Dear Mr. Kunjuppu!
If you are gifted with words, please do re-arrange the words.
I was a bit taken back , when people question the sanity of a person quoting scriptures?
If you can word it nicely please do it so.
Does one need to experience fire, shock to get to know about it?
I've seen men , grown up men utterly defeated by the alcohol and fall like a dust in the streets literally - Does one need any more real eperience to know? It is a slow-poison, even the one having control over this habit, needs only a trigger point to go beserk.
A person with this habit is like playing with a venemous coiled serpent.
Please google search on alcoholism and learn its ill-effects.
I'm not that gifted in my liguistic skill , please excuse my language.
Thankks
arattai,
i would like to abjure any pretense of gift of words or language re the english tongue. i see it as those same 200 or so odd words, that we rearrange in several formats, to reflect different meanings and various moods.
i have already mentioned about our mental filters to you, in an earlier post. what we read is words, what we understand is what we filter through our prejudices, and maybe, not what necessarily what the author means. the right thing is to follow up with request for clarification.

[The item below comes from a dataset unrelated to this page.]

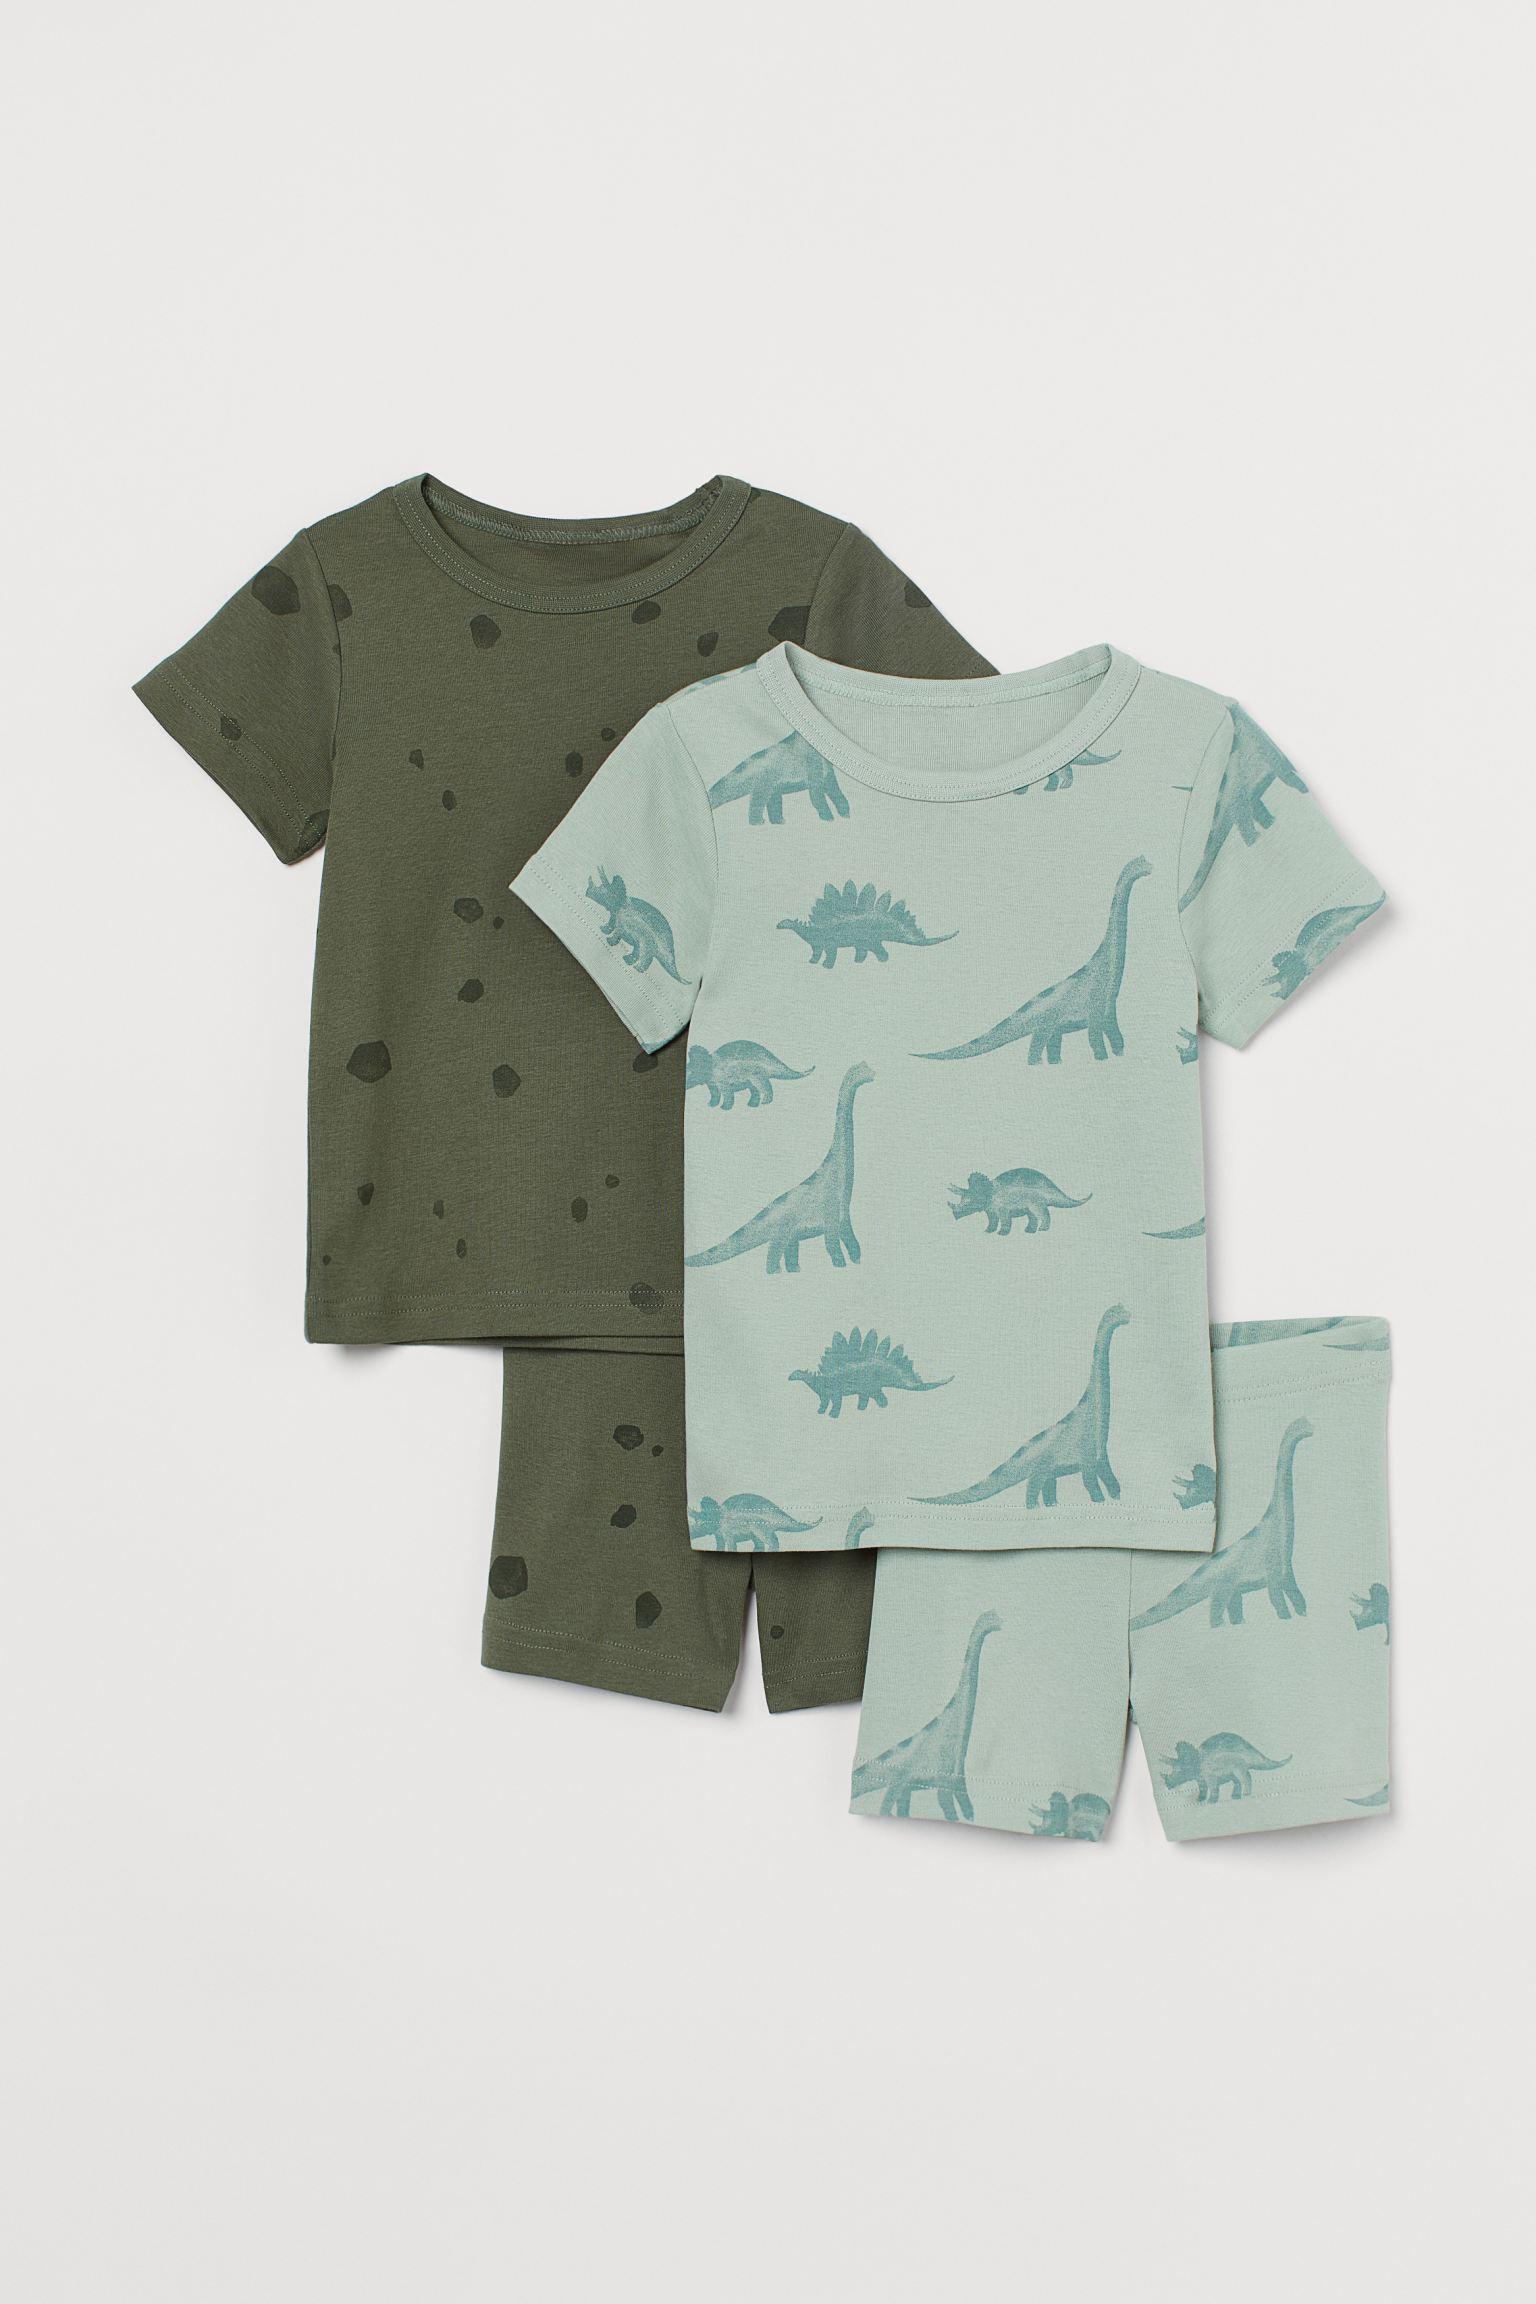 Pijamas en punto suave de algodón. Camiseta de manga corta con cuello fino ribeteado en punto elástico de canalé. Pantalón corto con elástico revestido en la cintura.

perhaps you are justified in being shocked about the query presented to you. i think, a better response, is not to reply in kind ie in the same way you perceived the comment or taunt. titting for tat serves no purpose.
instead, request verification and further explanation. that way, not only have you disarmed any potential threat to your status, but also given the other person a chance to explain.
don't you think, that this is a better to resolve an issue, than degenerating into a verbal duel. these catfights are great spectacles for people to watch, but seldom resolve any issues. all that is left is damaged egos and hurt pride. that is what i think anyway.
maybe this is the time to tell you a story, which happened a while ago, re my continuing education from that famous school ie 'the one of hard knocks'.
about 2 years ago, when i was already an old geezer, but not forum smart, i got into a verbal gunfight with another poster in another forum. believe me, it was brutal on both sides, with no holds barred.
when it came too much for me, i quit the forum and while i was licking my wounds, had time to reflect on myself.
i found that i do not like fighting. maybe it was because i lost; but more important, i did not feel good about myself after that and it bothered me. the bad taste would not go away, no matter in whatever way i tried to justify my actions to myself. plainly i was ashamed of myself.
so i tended an abject apology to my erstwhile adversary and resolved that from then on, i will learn myself to fine tune my postings. with which i have mostly succeeded, i feel.
the net effect of this trauma, was to release me from my instant-response-anger mode, to one of patience and persistence.
apart from generating overall goodwill, this approach has turned my conscience once again to pristine levels of purity. i only have love now for my ex adversary.
nowadays, i also have a guardian angel here. the angel watches over me, and does not hesitate to pull me up, should i indulge in any transgressions. that too helps.
so, dear arattai, the bottom line, is to keep opposing views engaged. ultimately there are more things in common, than what divides us.
to me, each posting is a challenge, but something i have come to enjoy. ultimately, you may experience the same.
by the way, i agree with you, that there is no need to inject a hiv infected needle to understand the malaise of aids.
but we can drive a car safely, following the rules of the road, get to places while quite enjoying the ride. can't we? in my books, a glass of claret is more akin to a car than a hiv needle.
hope that helps.
thank you
ps.. you have excellent english in my opinion. but then, i am no judge of the english language.... just kidding mon.. have a giggle, and enjoy the sojourn here.